WORK ITEM >>
What you give must be the lines from the one containing "750,000 won Korean beef table djpg" through the last line of the listing below, exactly, with nothing else and no pictures.

GIVEN DATA >>
#####

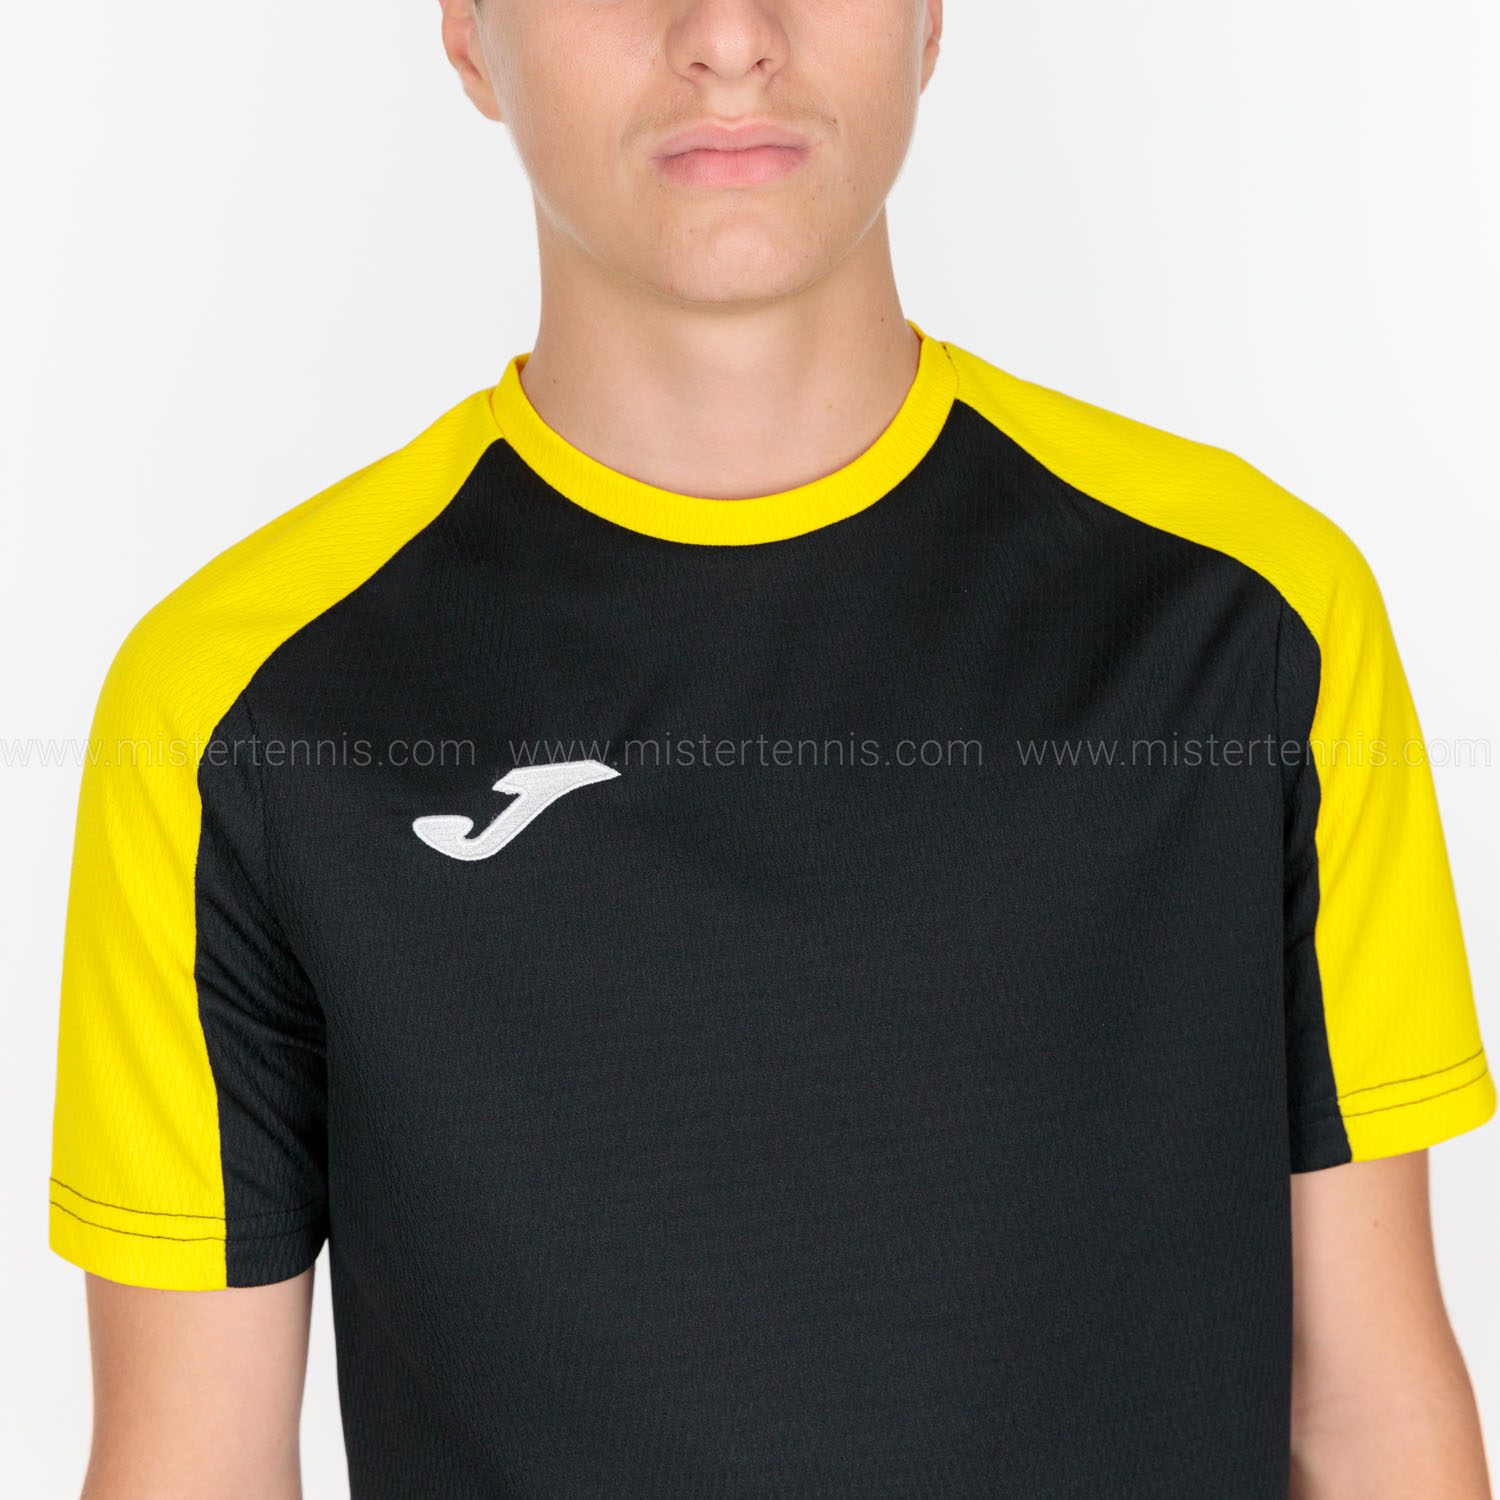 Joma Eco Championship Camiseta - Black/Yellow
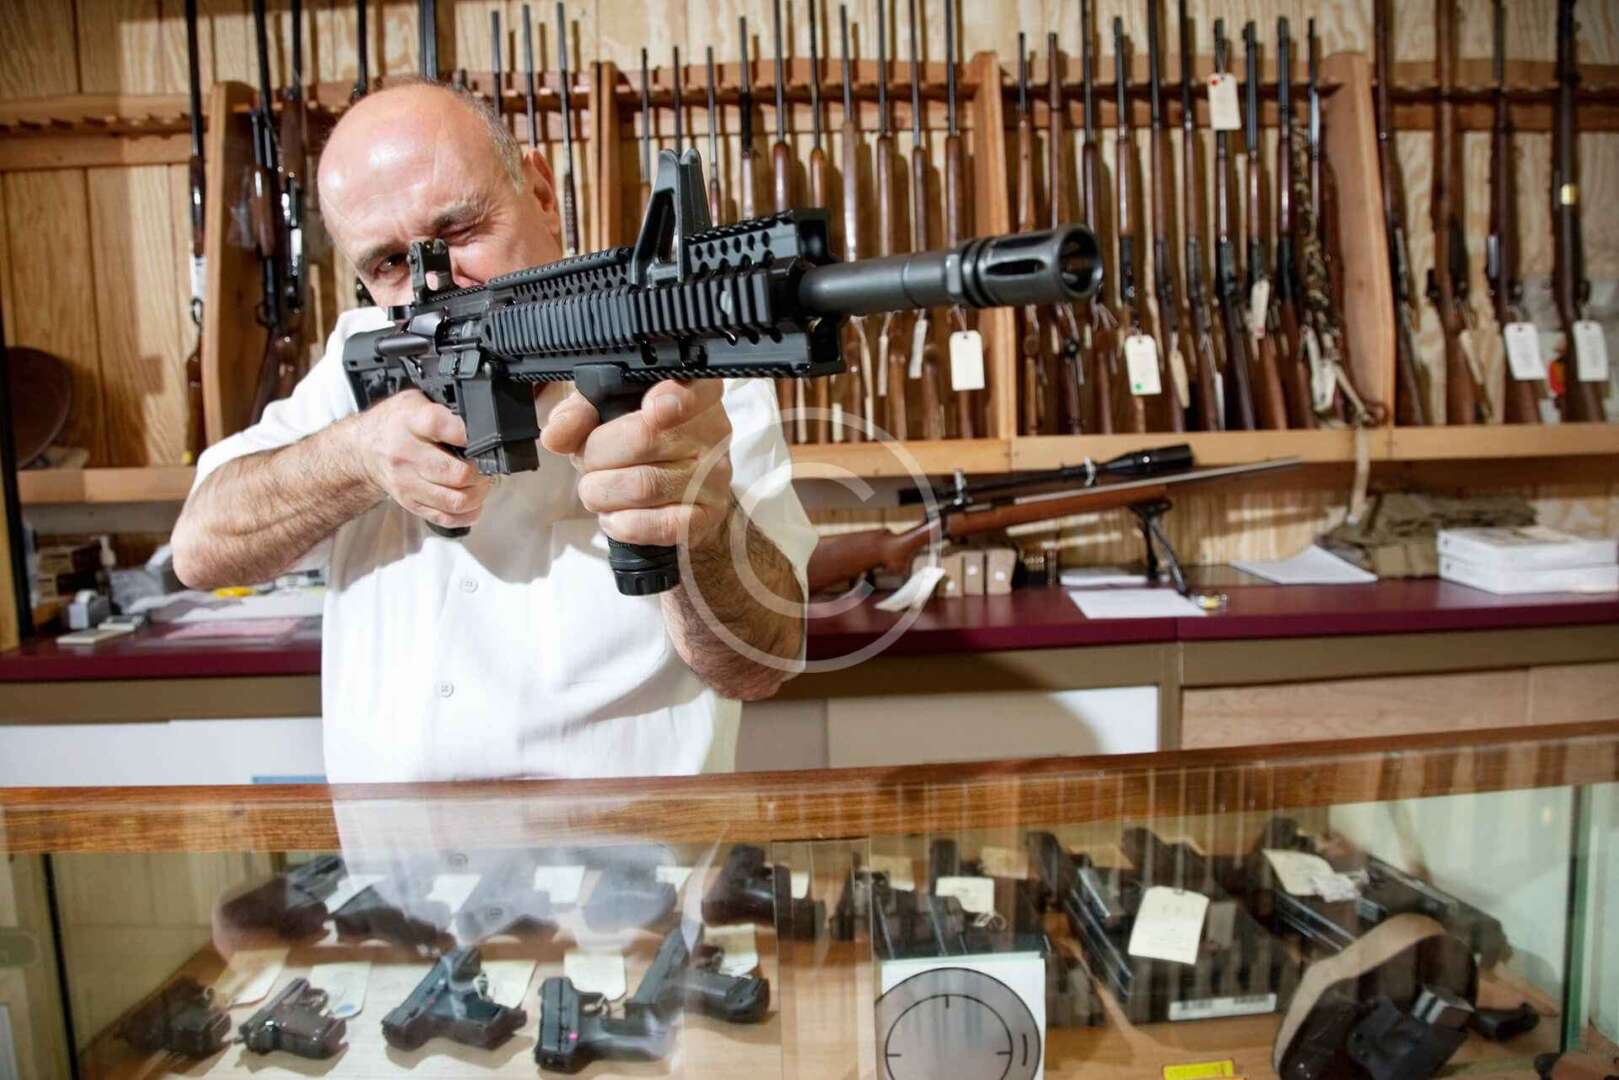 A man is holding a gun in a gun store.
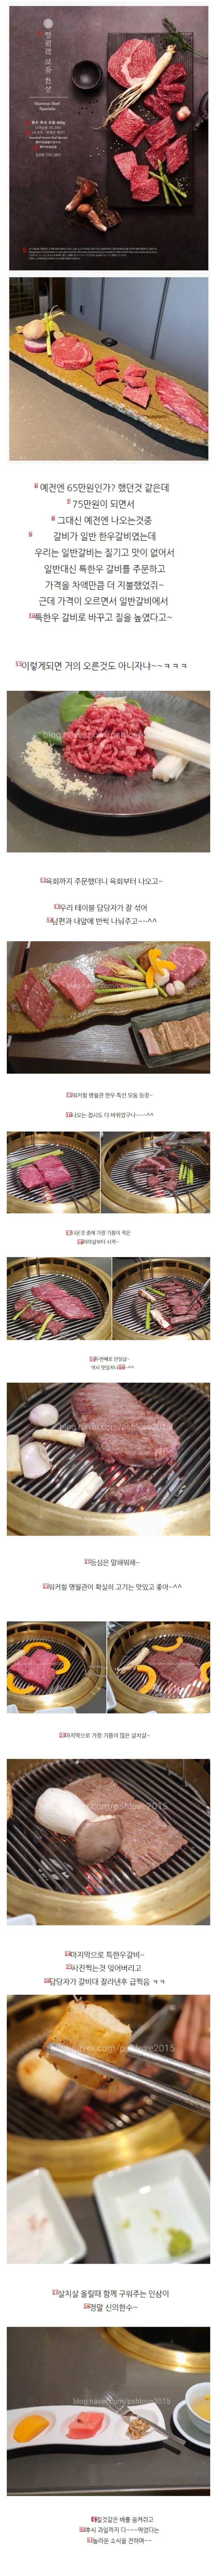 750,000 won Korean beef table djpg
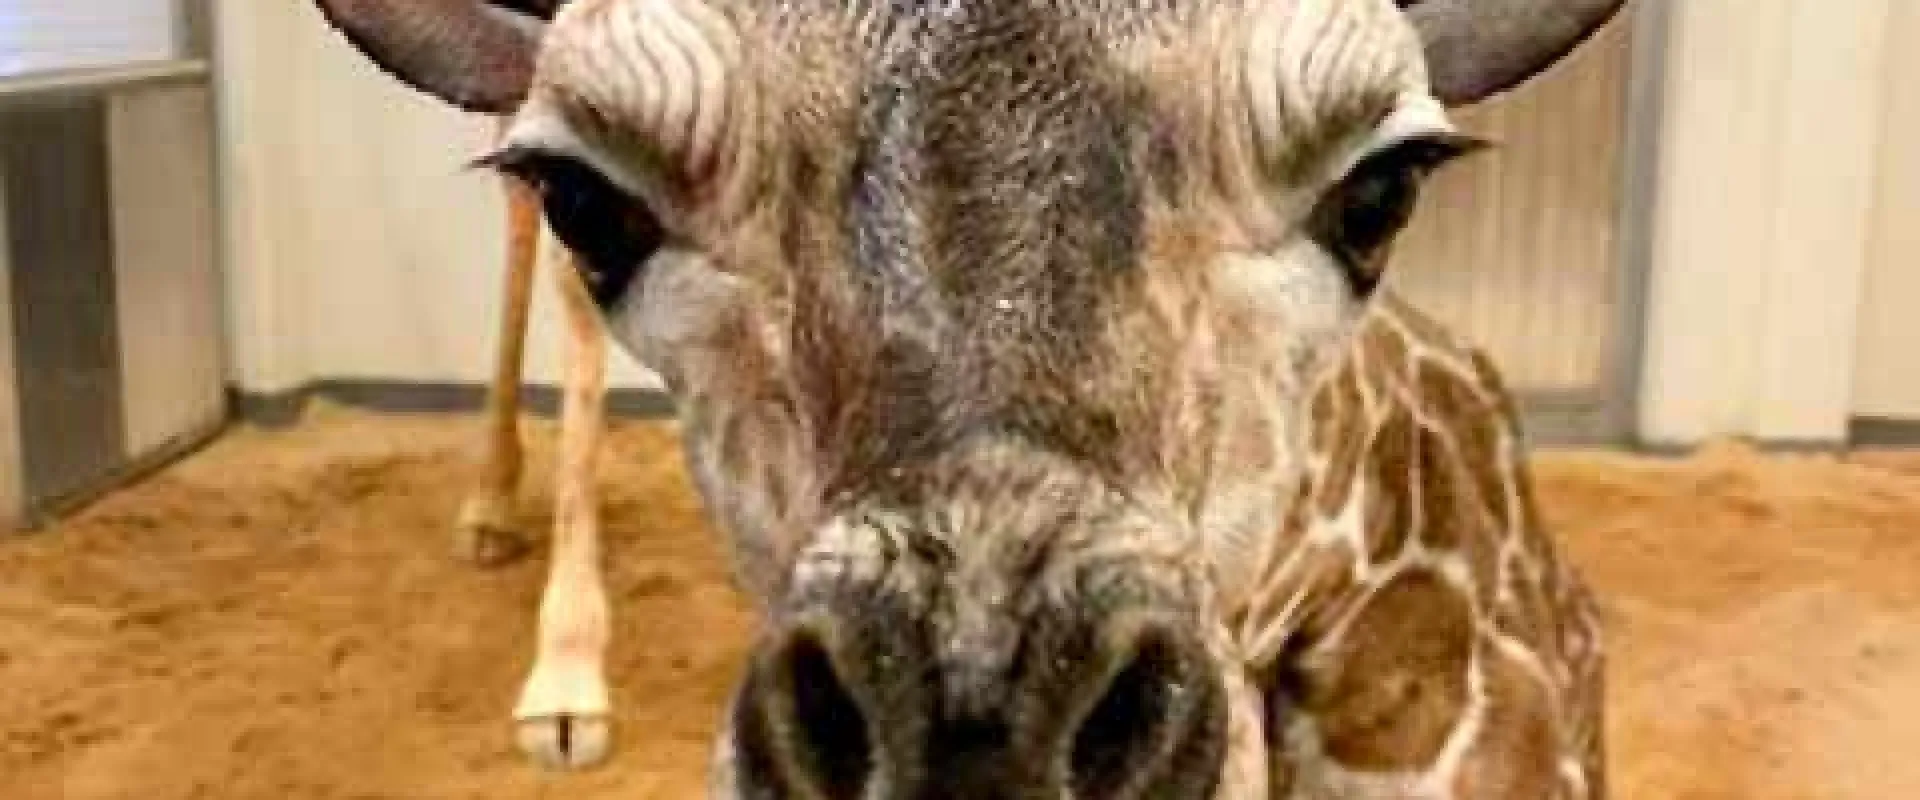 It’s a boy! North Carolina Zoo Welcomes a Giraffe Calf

#####

EXERCISE RESULT >>
 750,000 won Korean beef table djpg
 It’s a boy! North Carolina Zoo Welcomes a Giraffe Calf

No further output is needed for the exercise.